To me, the key issue — and this is why Medicare for All is always first with me — is the tens of thousands of excess “deaths from despair,” as described by the Case-Deaton study, and other recent studies. That enormous body count makes Medicare for All, at the very least, a moral and strategic imperative. And that level of suffering and organic damage makes the concerns of identity politics — even the worthy fight to help the refugees Bush, Obama, and Clinton’s wars created — bright shiny objects by comparison.

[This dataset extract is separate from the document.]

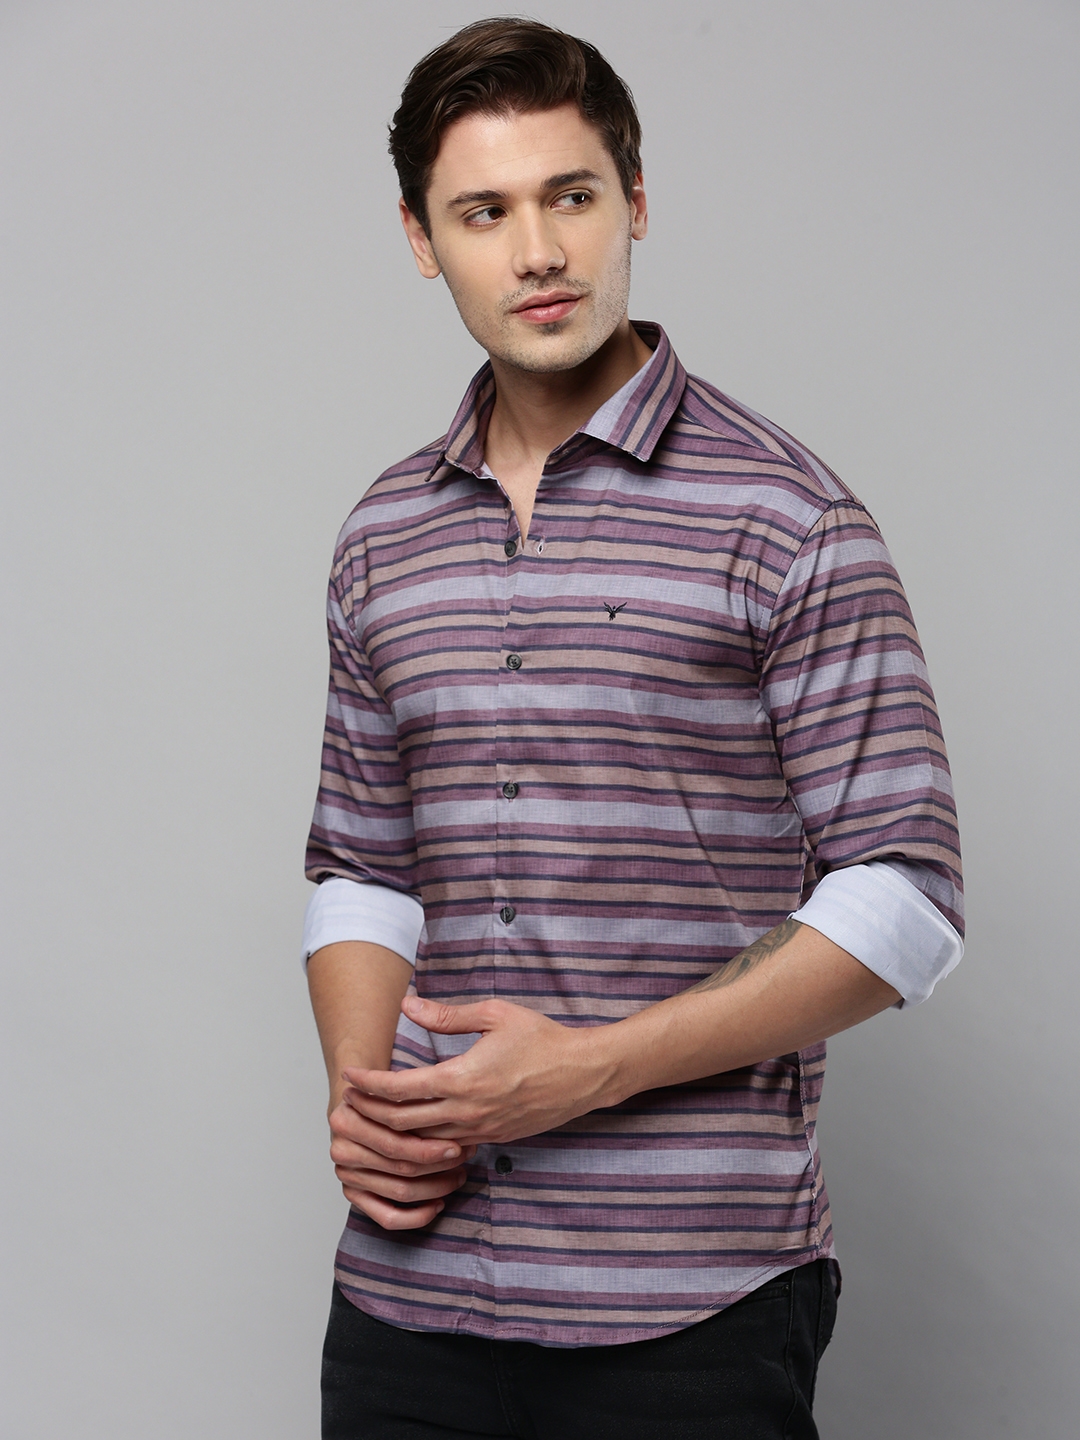 Showoff | SHOWOFF Men's Spread Collar Long Sleeves Striped Multi Shirt 2

Hence my frustration with the news flow — currently in my view the swirling intersection of two, separate Shock Doctrine campaigns, one by the Administration, and the other by out-of-power liberals and their allies in the State and in the press — a news flow that constantly forces me to focus on matters that I regard as of secondary importance to the excess deaths. What kind of political economy is it that halts or even reverses the increases in life expectancy that civilized societies have achieved? I am also very hopeful that the continuing destruction of both party establishments will open the space for voices supporting programs similar to those I have listed; let’s call such voices “the left.” Volatility creates opportunity, especially if the Democrat establishment, which puts markets first and opposes all such programs, isn’t allowed to get back into the saddle. Eyes on the prize! I love the tactical level, and secretly love even the horse race, since I’ve been blogging about it daily for fourteen years, but everything I write has this perspective at the back of it.